**Instructions to follow**
Your answer should be the full data, transcribed exactly, with no pictures in it.

**Dataset excerpt**
*** Block opens ***
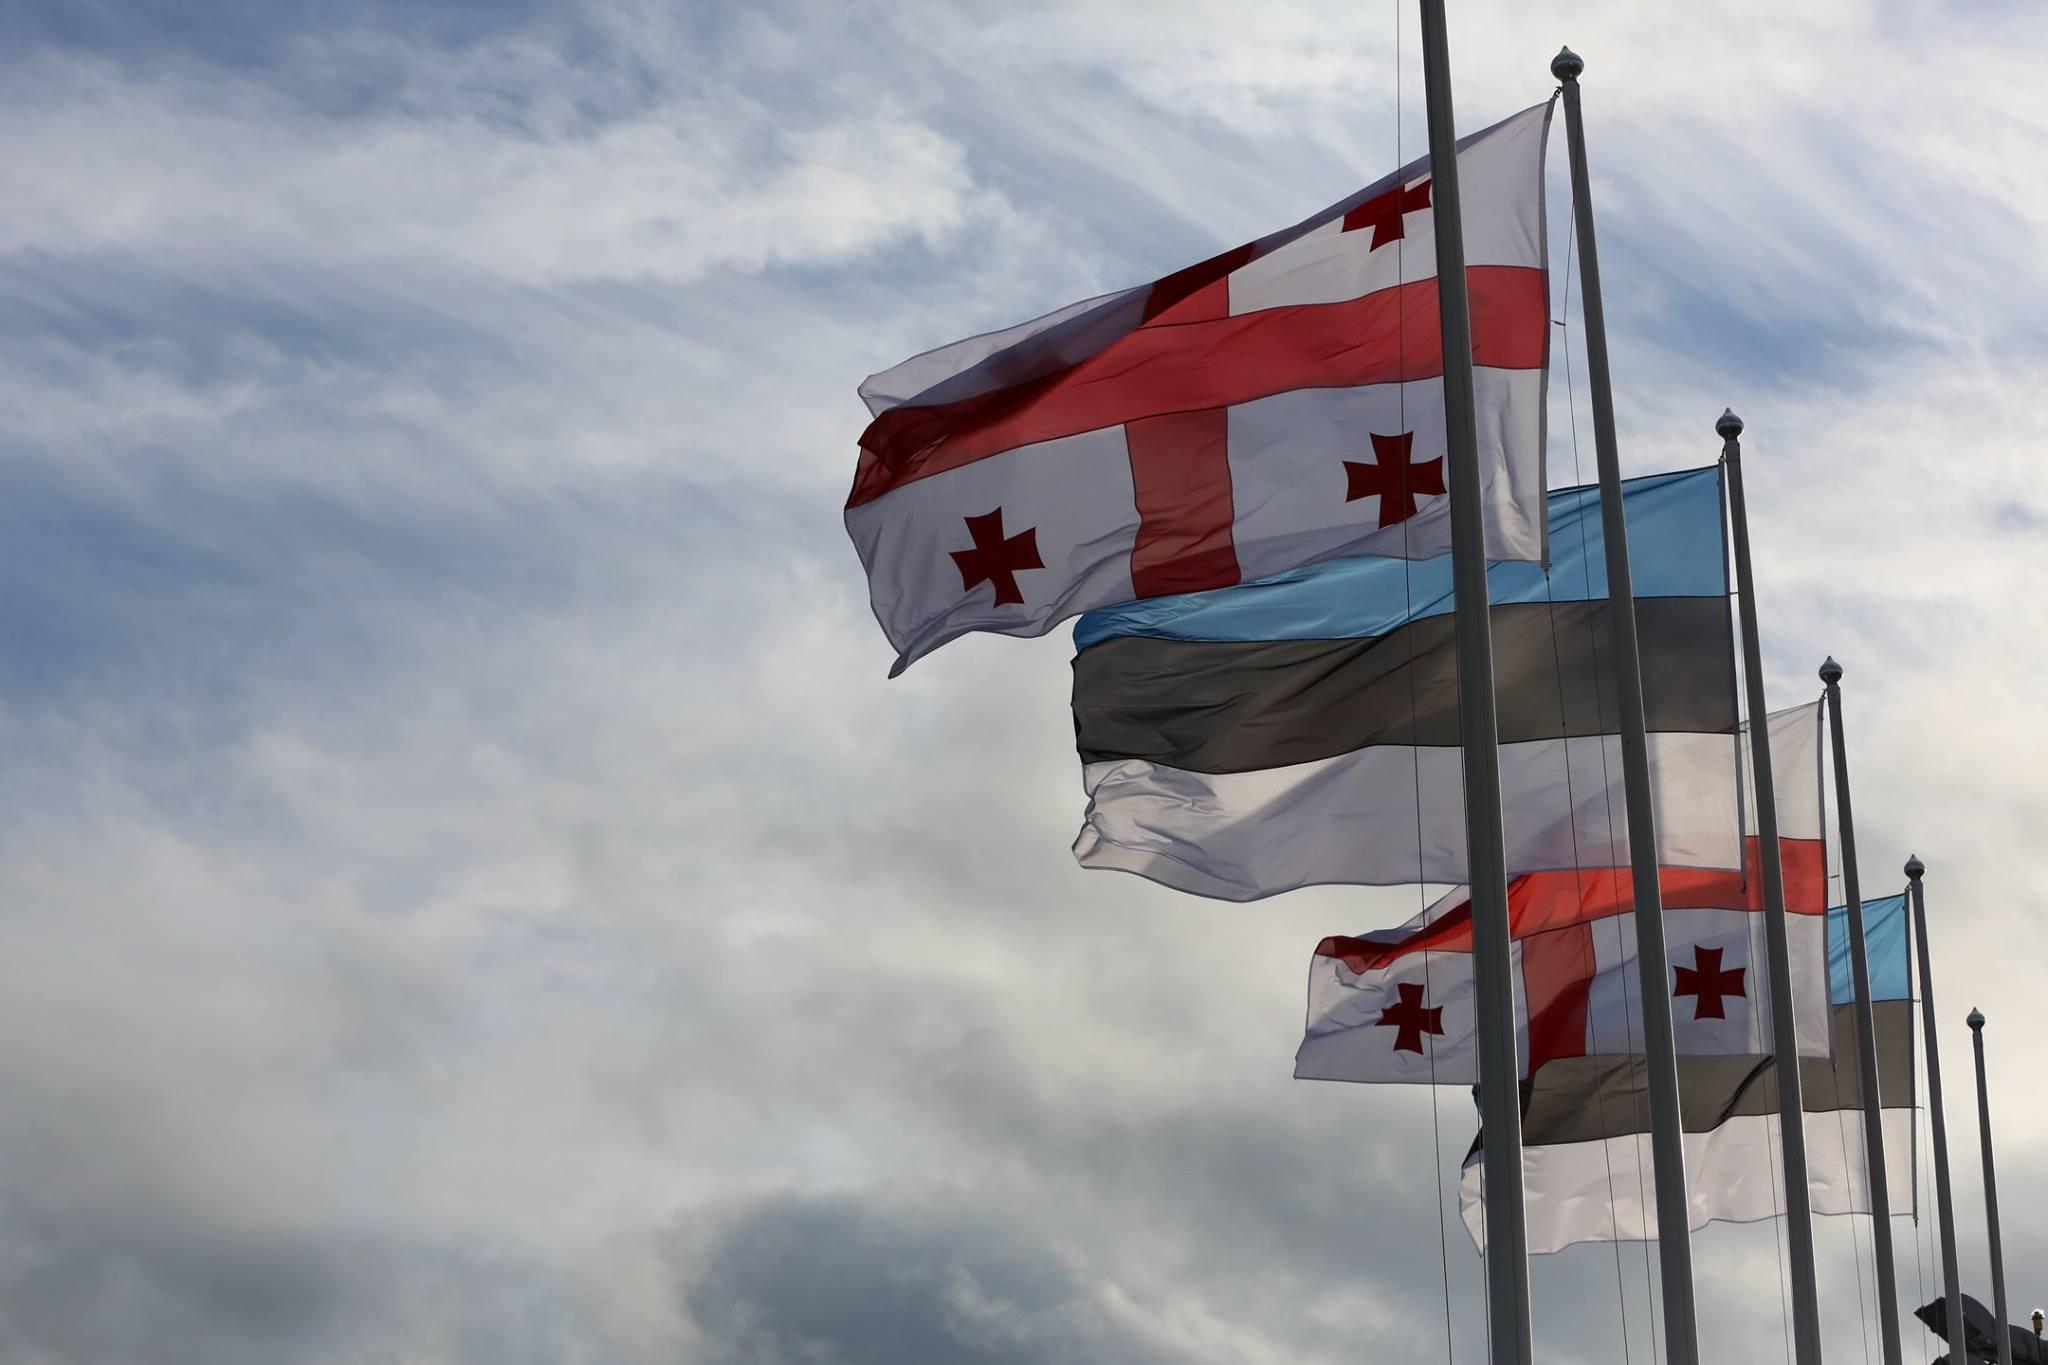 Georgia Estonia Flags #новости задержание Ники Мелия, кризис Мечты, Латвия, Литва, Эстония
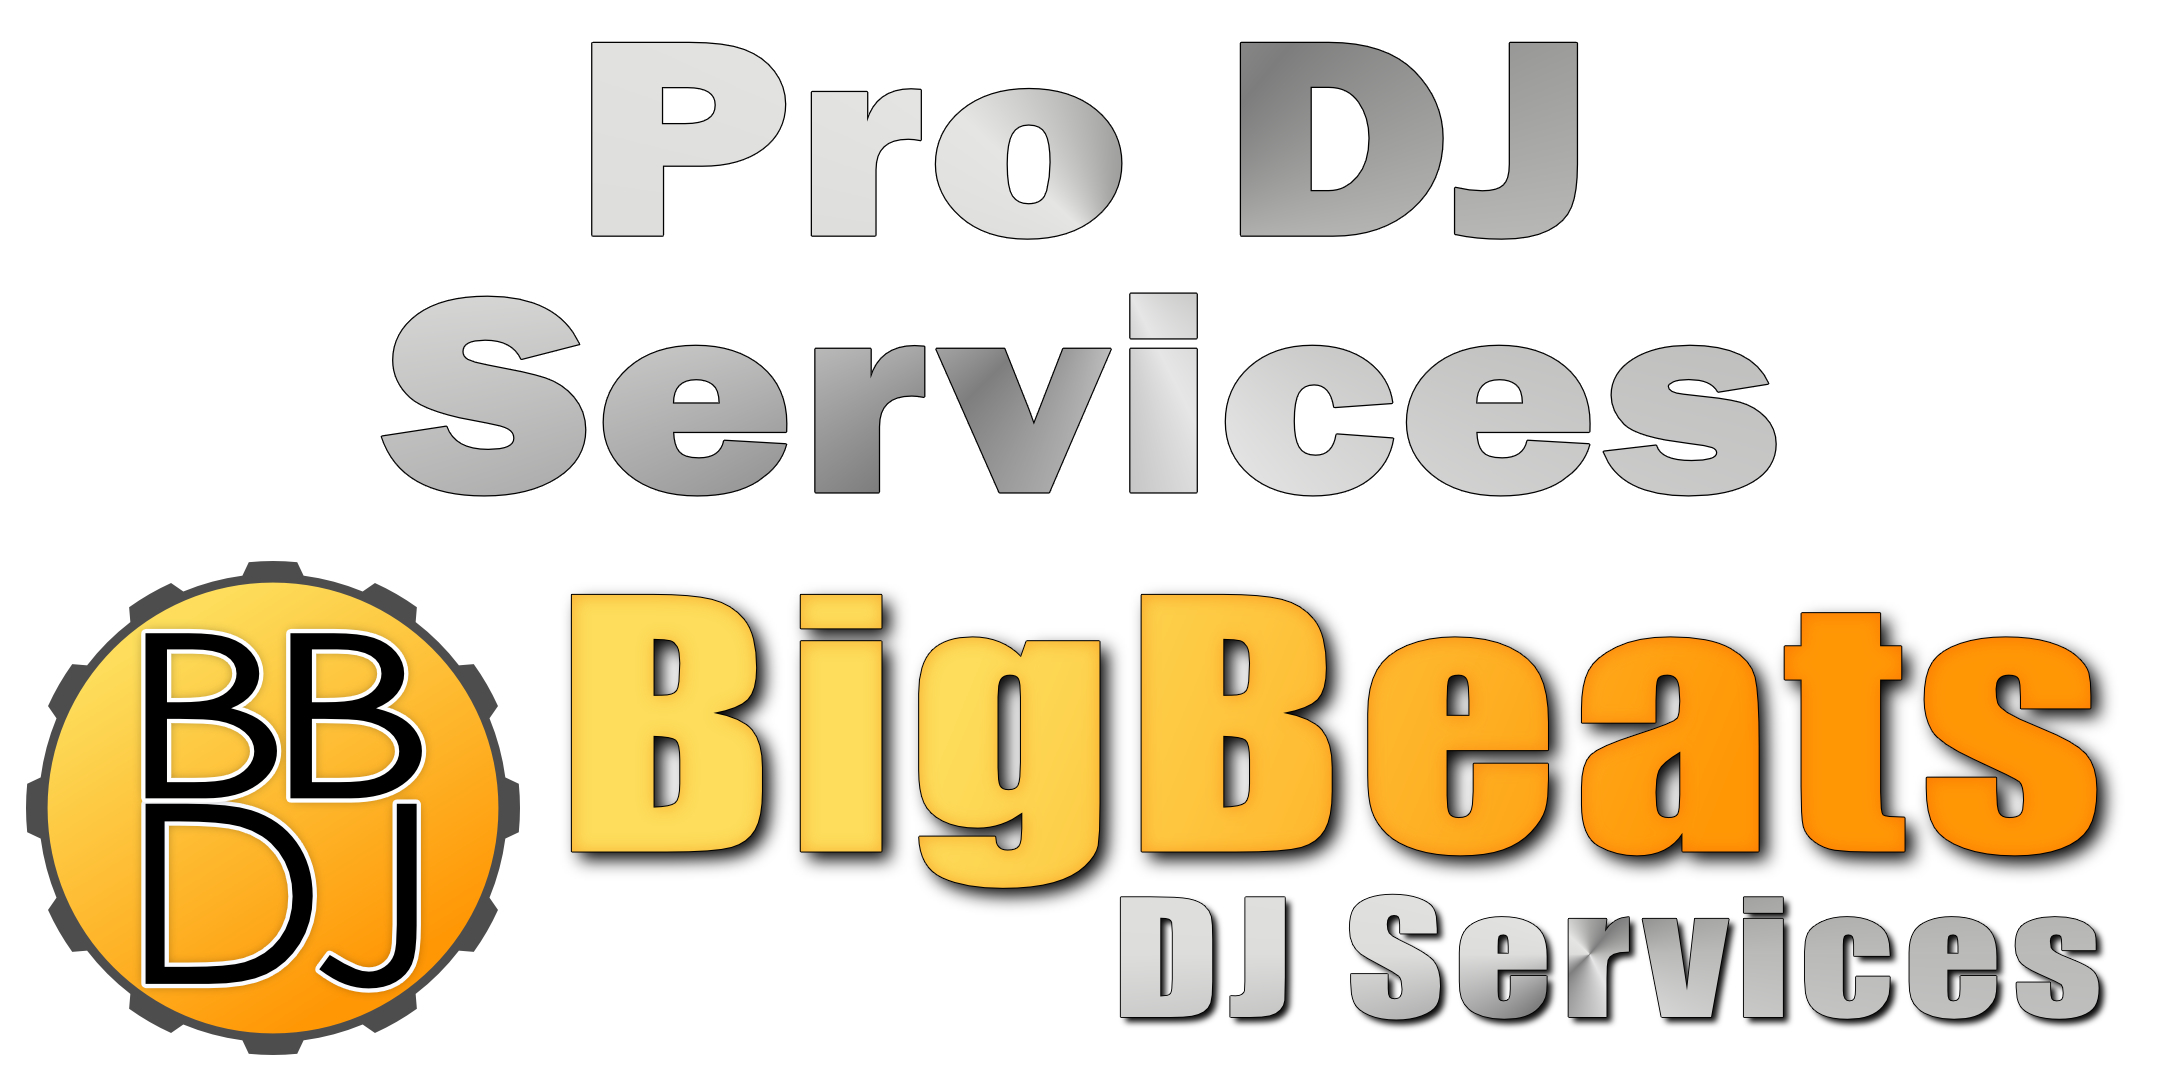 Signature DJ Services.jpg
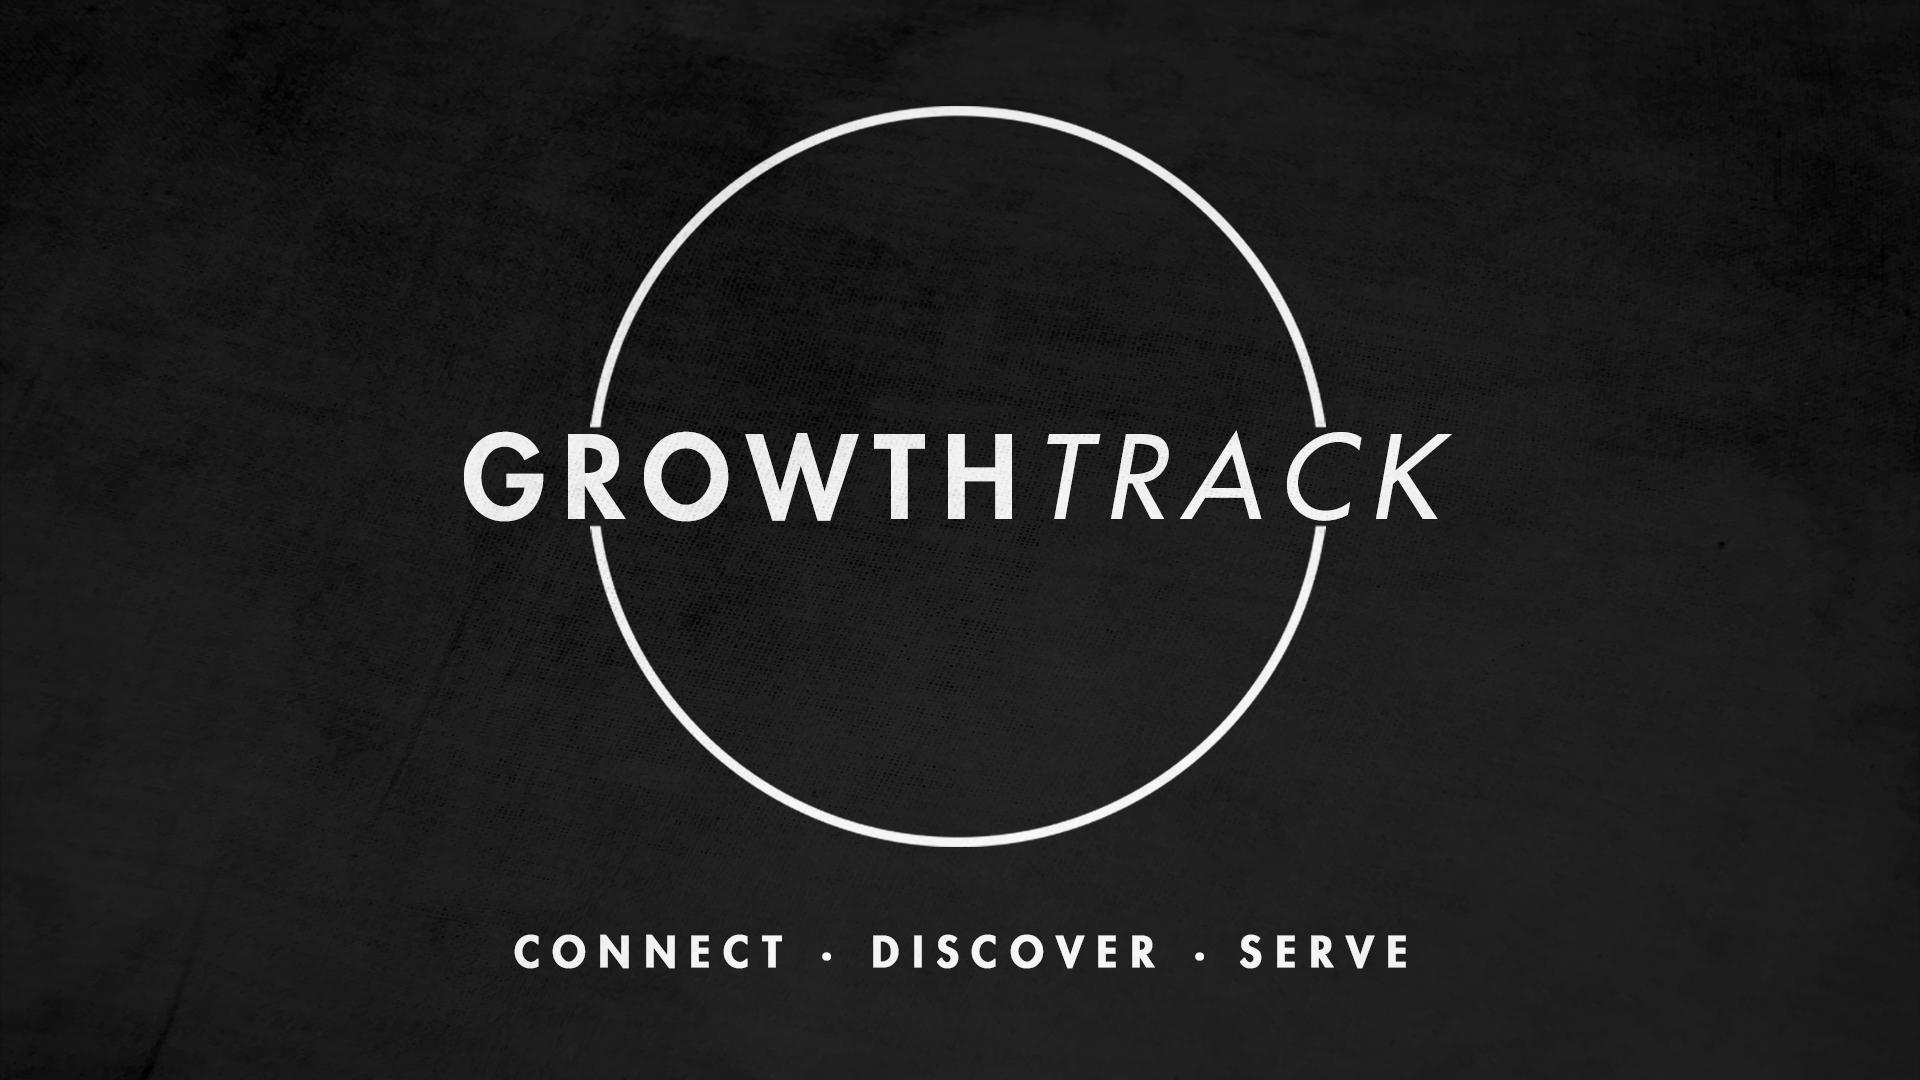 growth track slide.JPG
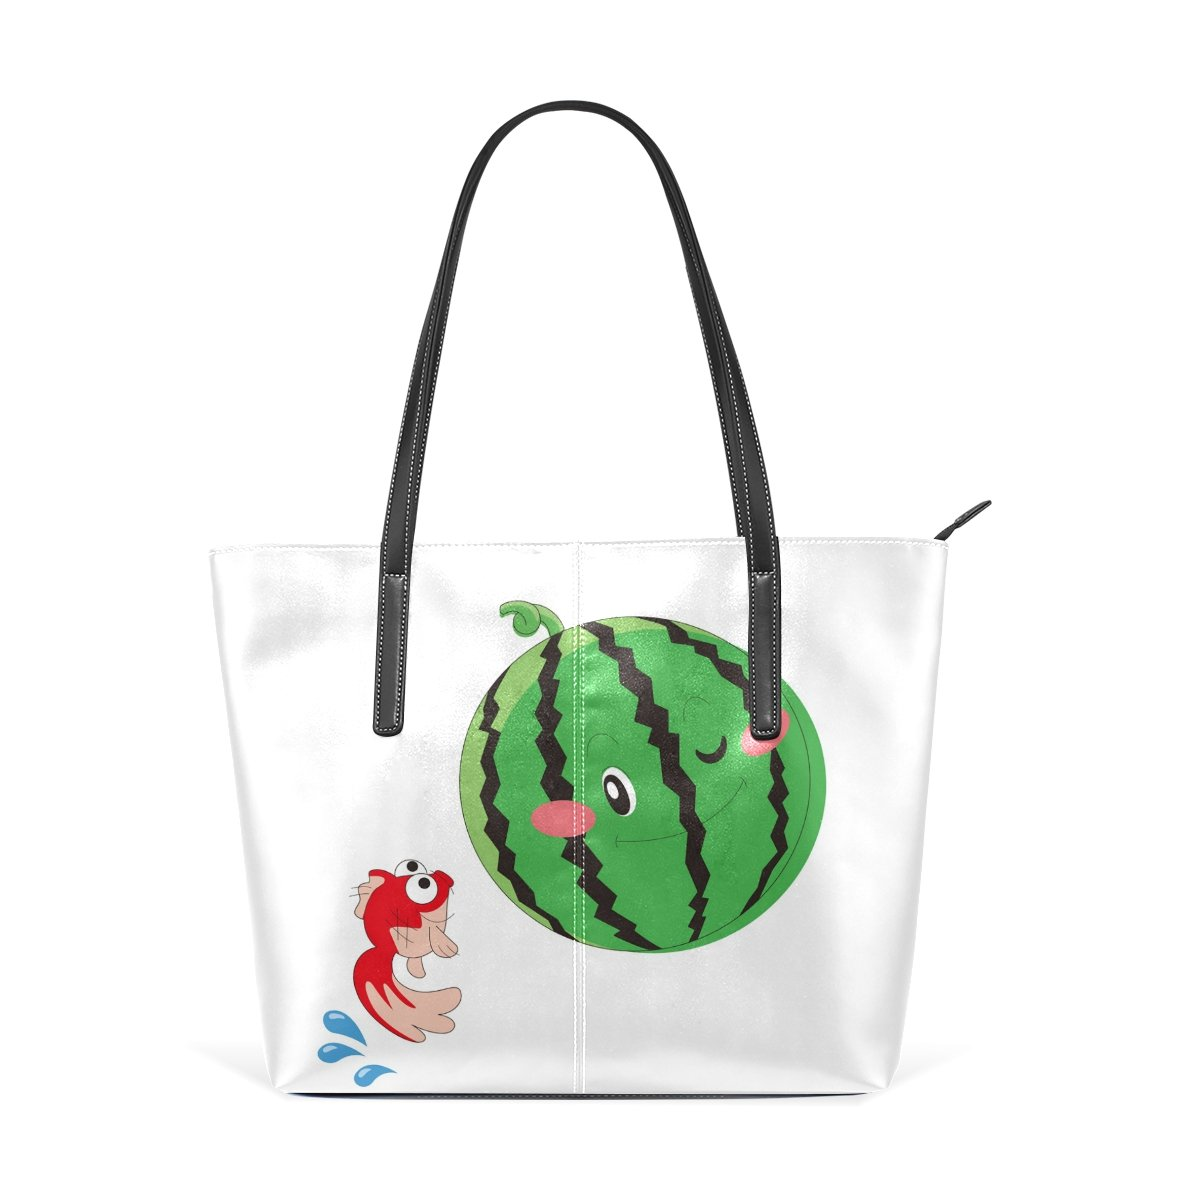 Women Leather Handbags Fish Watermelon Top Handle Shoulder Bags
*** Block closes ***
**Answer**
 Georgia Estonia Flags #новости задержание Ники Мелия, кризис Мечты, Латвия, Литва, Эстония
 Signature DJ Services.jpg
 growth track slide.JPG
 Women Leather Handbags Fish Watermelon Top Handle Shoulder Bags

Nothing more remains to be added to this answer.